Celebrità, musicisti e scrittori sperano di esercitare pressione sull’opinione pubblica per chiedere ulteriori azioni, mentre la maggior parte dei governi occidentali continua a resistere all’adozione di ampie sanzioni economiche nei confronti di Israele.

L’attore britannico Khalid Abdalla (Il cacciatore di aquiloni, The Crown), dopo aver firmato una dichiarazione che invita al boicottaggio di alcune istituzioni cinematografiche israeliane, ha dichiarato: «Non ho dubbi che ci troviamo a un punto di svolta globale».

La lettera aperta diffusa dal collettivo Film Workers for Palestine ha raccolto migliaia di adesioni, tra cui quelle di Emma Stone e Joaquin Phoenix. I firmatari si impegnano a interrompere i legami con qualsiasi istituzione israeliana «coinvolta nel genocidio».

In un’intervista rilasciata venerdì, Abdalla ha aggiunto: «La valanga è partita e si sta diffondendo in diversi settori. Non riguarda soltanto i lavoratori del cinema».

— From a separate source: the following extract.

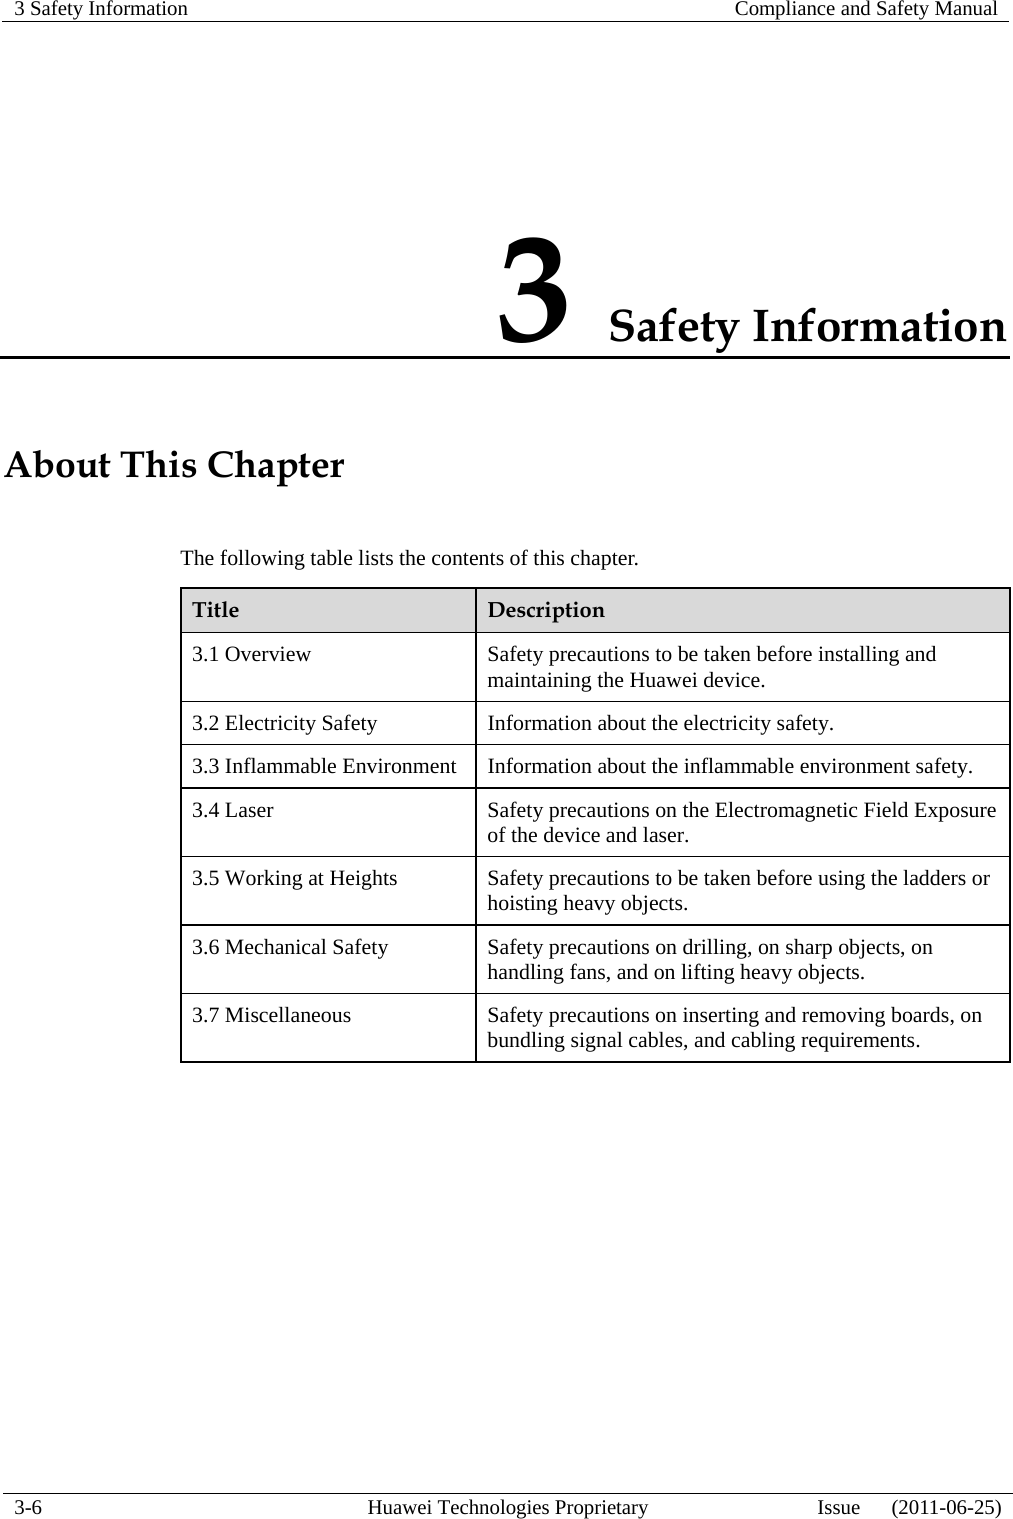 3 Safety Information   Compliance and Safety Manual  3-6  Huawei Technologies Proprietary  Issue      (2011-06-25) 3 Safety Information About This Chapter The following table lists the contents of this chapter. Title  Description 3.1 Overview  Safety precautions to be taken before installing and maintaining the Huawei device. 3.2 Electricity Safety  Information about the electricity safety. 3.3 Inflammable Environment  Information about the inflammable environment safety. 3.4 Laser  Safety precautions on the Electromagnetic Field Exposure of the device and laser. 3.5 Working at Heights  Safety precautions to be taken before using the ladders or hoisting heavy objects. 3.6 Mechanical Safety  Safety precautions on drilling, on sharp objects, on handling fans, and on lifting heavy objects. 3.7 Miscellaneous  Safety precautions on inserting and removing boards, on bundling signal cables, and cabling requirements.

Anche ai Premi Emmy di questa settimana numerosi vincitori, da Javier Bardem a Hannah Einbinder, hanno parlato pubblicamente di Gaza, con dichiarazioni che riecheggiano quelle già emerse all’inizio del mese durante la Mostra del Cinema di Venezia.

Il gruppo trip-hop britannico Massive Attack ha annunciato giovedì di aver aderito al collettivo musicale “No Music for Genocide”, con l’obiettivo di impedire la diffusione dei propri brani in Israele.

Il Paese rischia inoltre un boicottaggio all’Eurovision Song Contest, mentre scrittori internazionali firmano lettere aperte e il premier spagnolo Pedro Sánchez ha avviato un’iniziativa per escludere Israele dalle competizioni sportive.

Il direttore d’orchestra israeliano Ilan Volkov, la scorsa settimana in un concerto nel Regno Unito, ha dichiarato che non si esibirà più nel suo Paese.

Håkan Thörn, accademico svedese dell’Università di Göteborg e autore di un libro sul movimento di boicottaggio contro l’apartheid sudafricano, ha osservato: «Credo che stiamo assistendo a una dinamica simile a quella vista contro il regime di apartheid in Sudafrica». Secondo il sociologo, «con la diffusione delle immagini della carestia a Gaza, in primavera, c’è stato un cambiamento netto nella percezione globale».

Secondo i dati del ministero della Sanità di Gaza, gli attacchi israeliani hanno causato la morte di oltre 65.000 persone, in gran parte civili.

Il movimento di boicottaggio, disinvestimento e sanzioni (BDS), lanciato circa vent’anni fa in risposta all’occupazione israeliana dei territori palestinesi, trova oggi nuova linfa nel contesto della guerra a Gaza.

All’interno di Israele, tuttavia, non mancano le preoccupazioni. Lo sceneggiatore Hagai Levi, noto per Scenes from a Marriage e The Affair, ha dichiarato all’inizio del mese che «il 90% delle persone nell’ambiente artistico è contrario alla guerra», esprimendo timori sugli effetti che il boicottaggio culturale potrebbe avere.